Dün golden sonrasında ve öncesinde tüm tribünler "Şehitler Ölmez Vatan Bölünmez" diye bağırdı. Ben bağırmadım. Çünkü "Şehitler Öldü Vatan Bölündü"... Kimse buna iştirak etmek zorunda değil benim siyasi görüşümdür.
Her sabah yaptığım gibi bu sabah da Hürriyet Gazetesi yazarı Yılmaz Özdil'i okumak için bilgisayar başına geçtim. Aynı başlık! Dün içimden geçenler usta bir kalemin elinde kelimelere dökülmüş. Bu bağlamda Almeida'ya teşekkür ederim. Hikaye doğruysa bir taraftarımızın isteğini yerine getirmiş. Güneydoğu'da olanlarla ne kadar ilgilidir bilemem ama bu hareketi bile benim gözümde onu farklı yere taşıdı. Geçen sezonki yazılarımı okuyanlar bilir bazı hallerine ayar oluyordum. Fakat dün geçen seneye göre daha formda gördüm. 9 numara yakışmış. Ayrıca bu ince davranışı beni çok etkiledi. Umarım devam eder.
Penaltı inanılmaz koftiydi bu arada!
Köybaşı ve Holosko klasik sinir bozukluğu.
Guti'nin bir olayını göremedik.
Pektemek ve Egemen umut verdi sağolsunlar.
Kötünün kötüsü bu takıma sidik zoruyla 3 gol beni çok mutlu etmedi ama Allah bereket versin.
Bu arada Kapalı'dan sonra kombine fiyatlarına ve endüstriyel futbola tepki göstererek bu sezon kombineyi Eski Açık'tan aldık. Çok güzel bir koltuk buldum açısı süper. Dürbün almayı düşünüyorum karşı kaleye yapılan ataklar için. Bakalım hayırslısı.

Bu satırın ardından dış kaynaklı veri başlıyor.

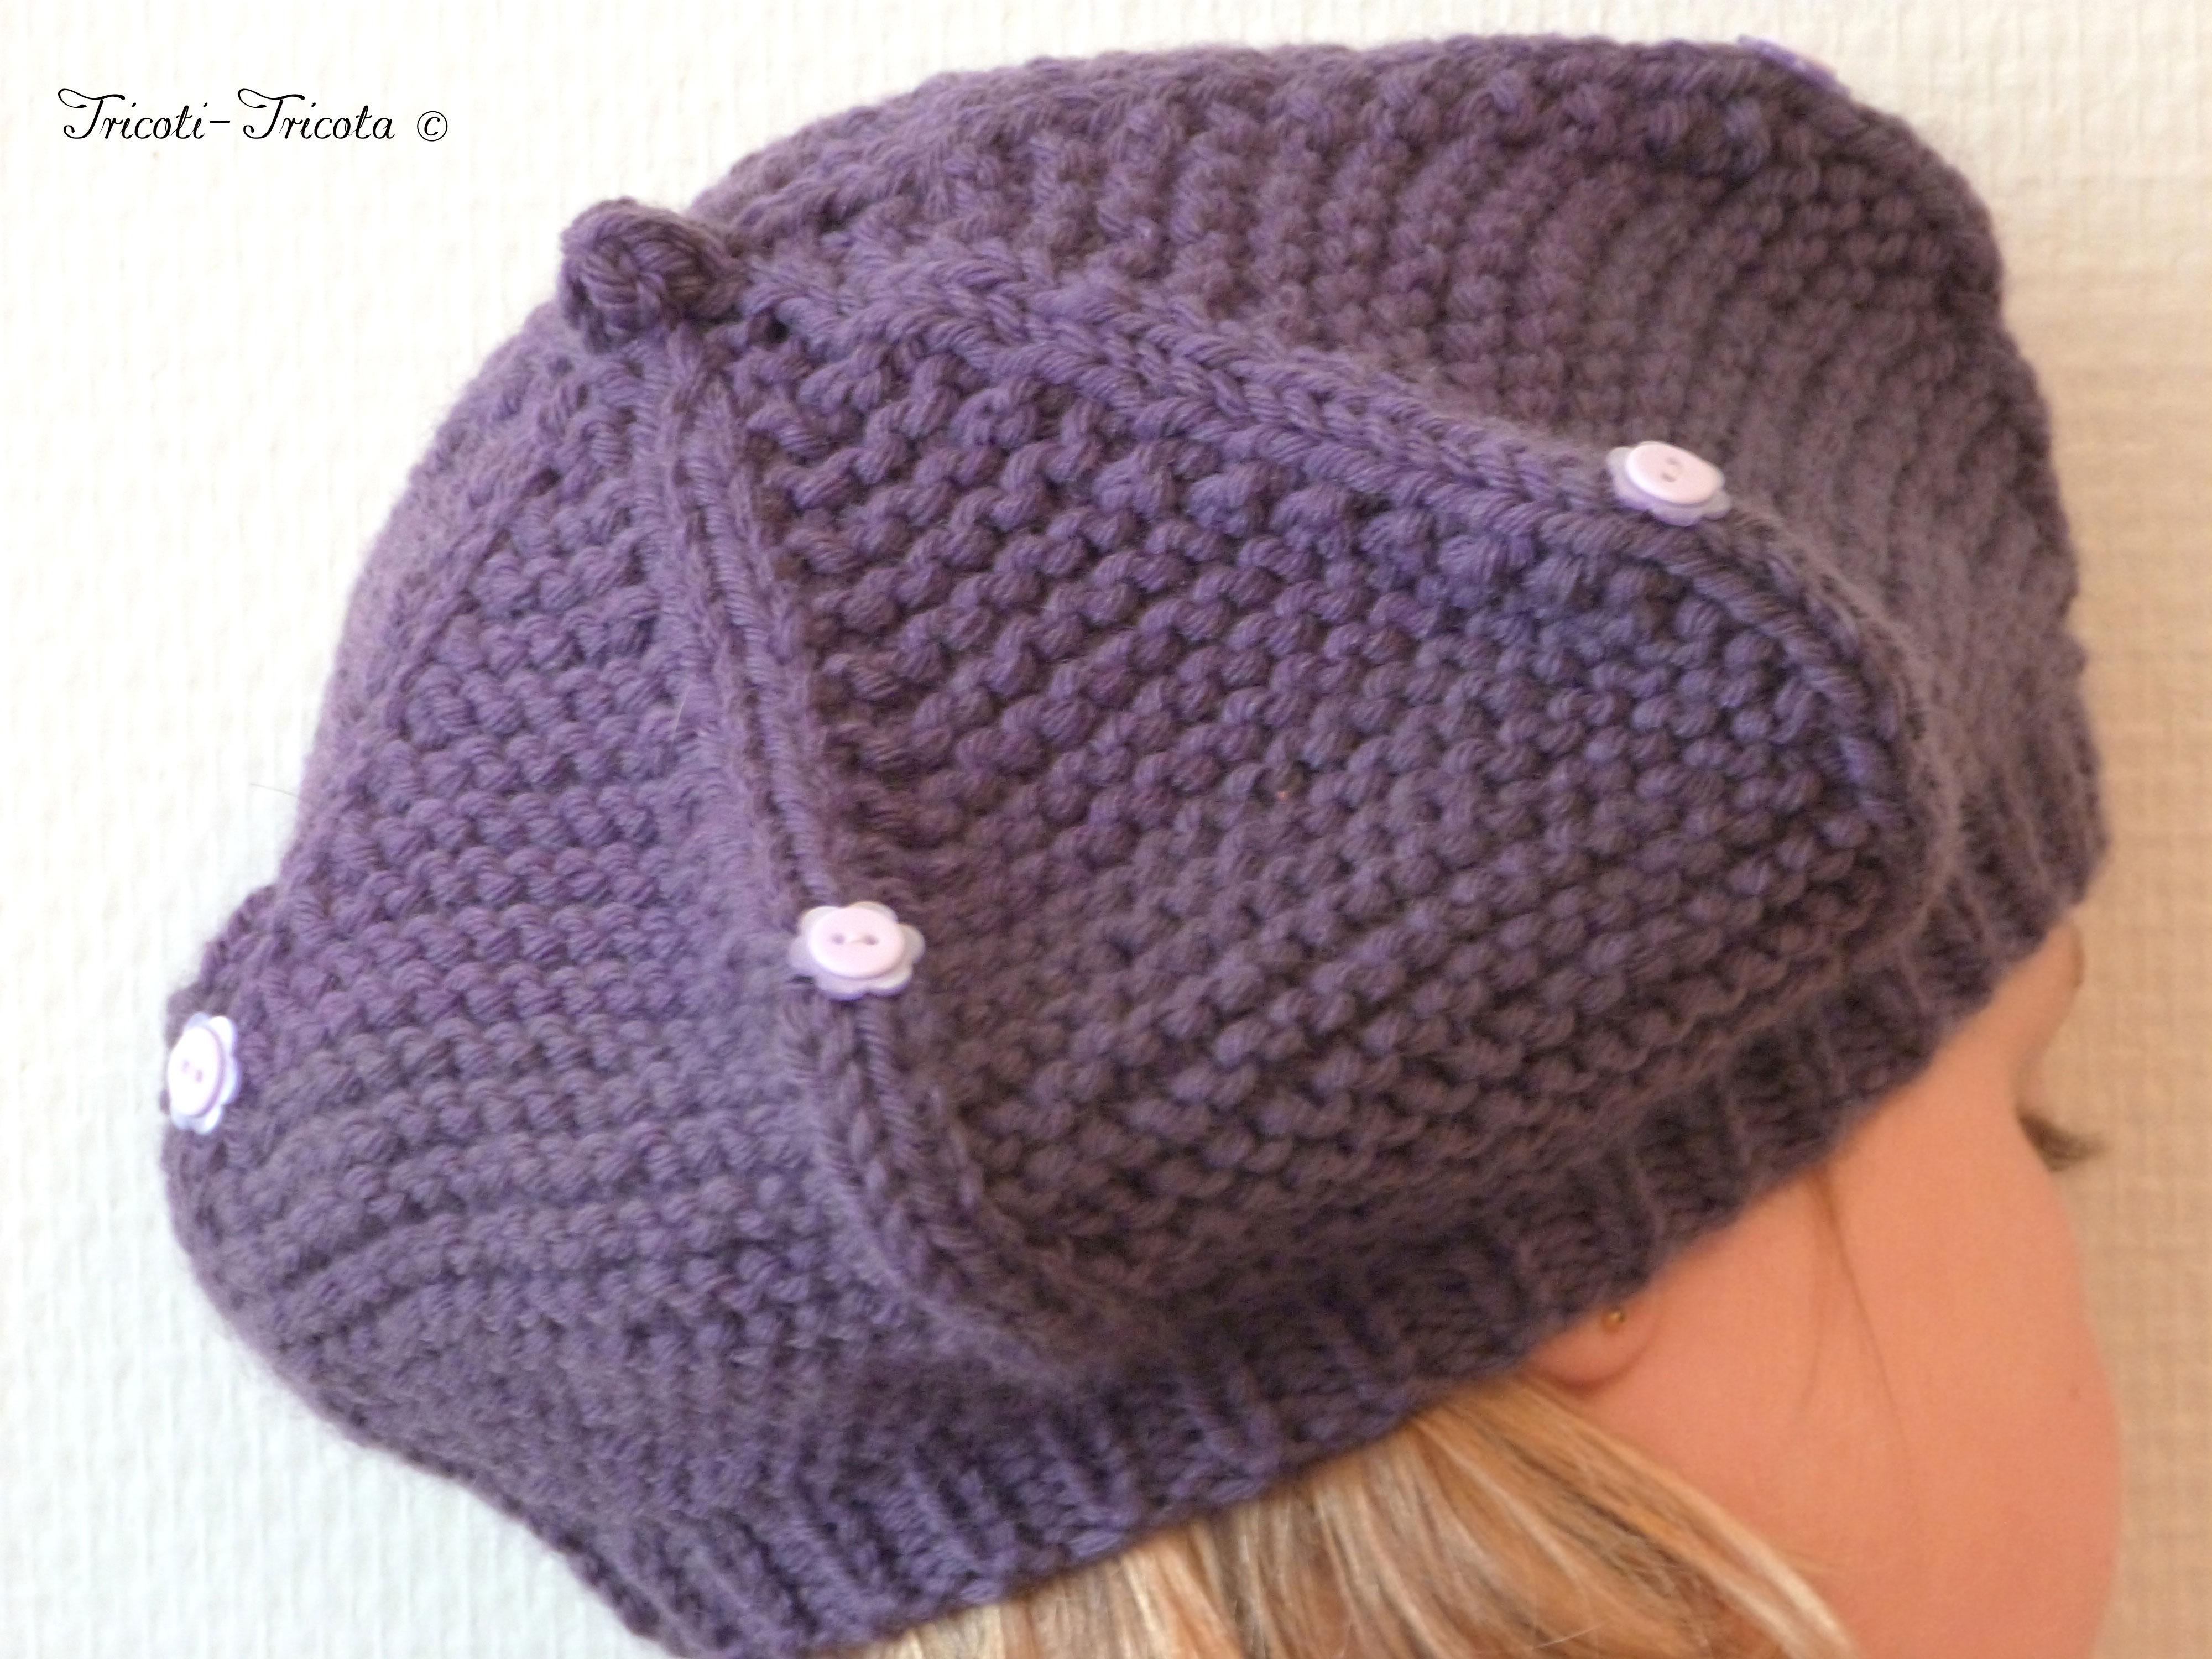 bccfaa859bb3 Béret « Mousse » tricoté pour enfant   Tricoti-Tricota
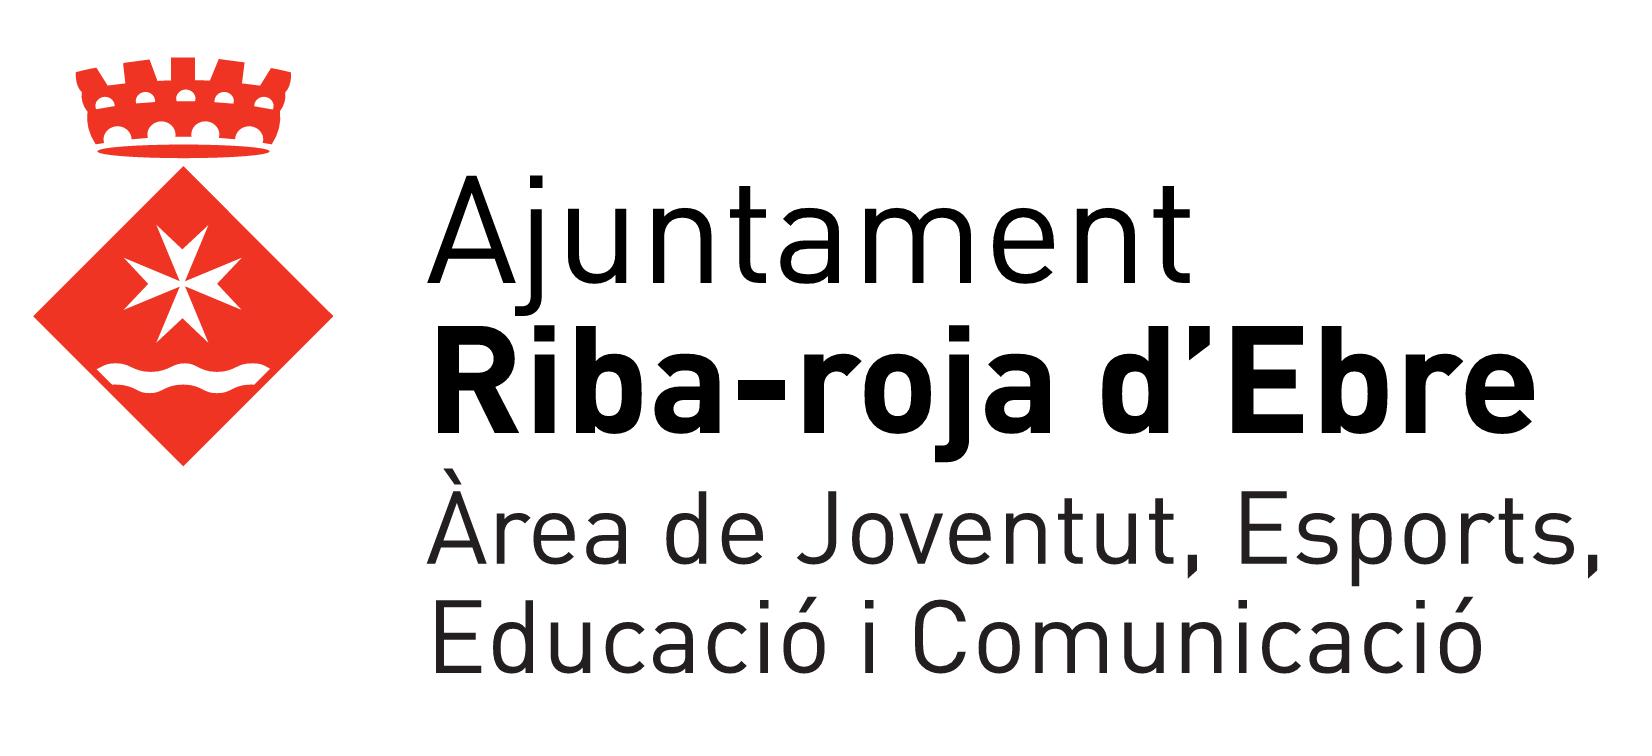 Ajuntament of Riba-roja d'Ebre logo

Son dip not: Siyah formayı hiç beğenmedim. Beyaz geçen senekinin aynısı sadece reklam değişik. Umarım diğer iki forma güzel olur da biz de bu sene forma almış oluruz. Bu arada yeni formayı alan çoktu. Milletin Colaturka'dan ne kadar bunalıp nefret ettiğinin bir göstergesi bence. Geçen yıllarda bu kadar yeni forma görmüyordum ilk maçta. Artı Kartal Yuvası'nda arkadaki reklamı nasıl sökeriz formanın üstünden diye hararetli tartışmalar vardı. Sonuç çıkmadı ama ben de çok kastım ama çıkartamıyorum.
Neyse.
Kombine kartımızı besmeleyle soktuk yuvasına girerken, hayırlısı olsun dedik. İnşallah böyle devam eder.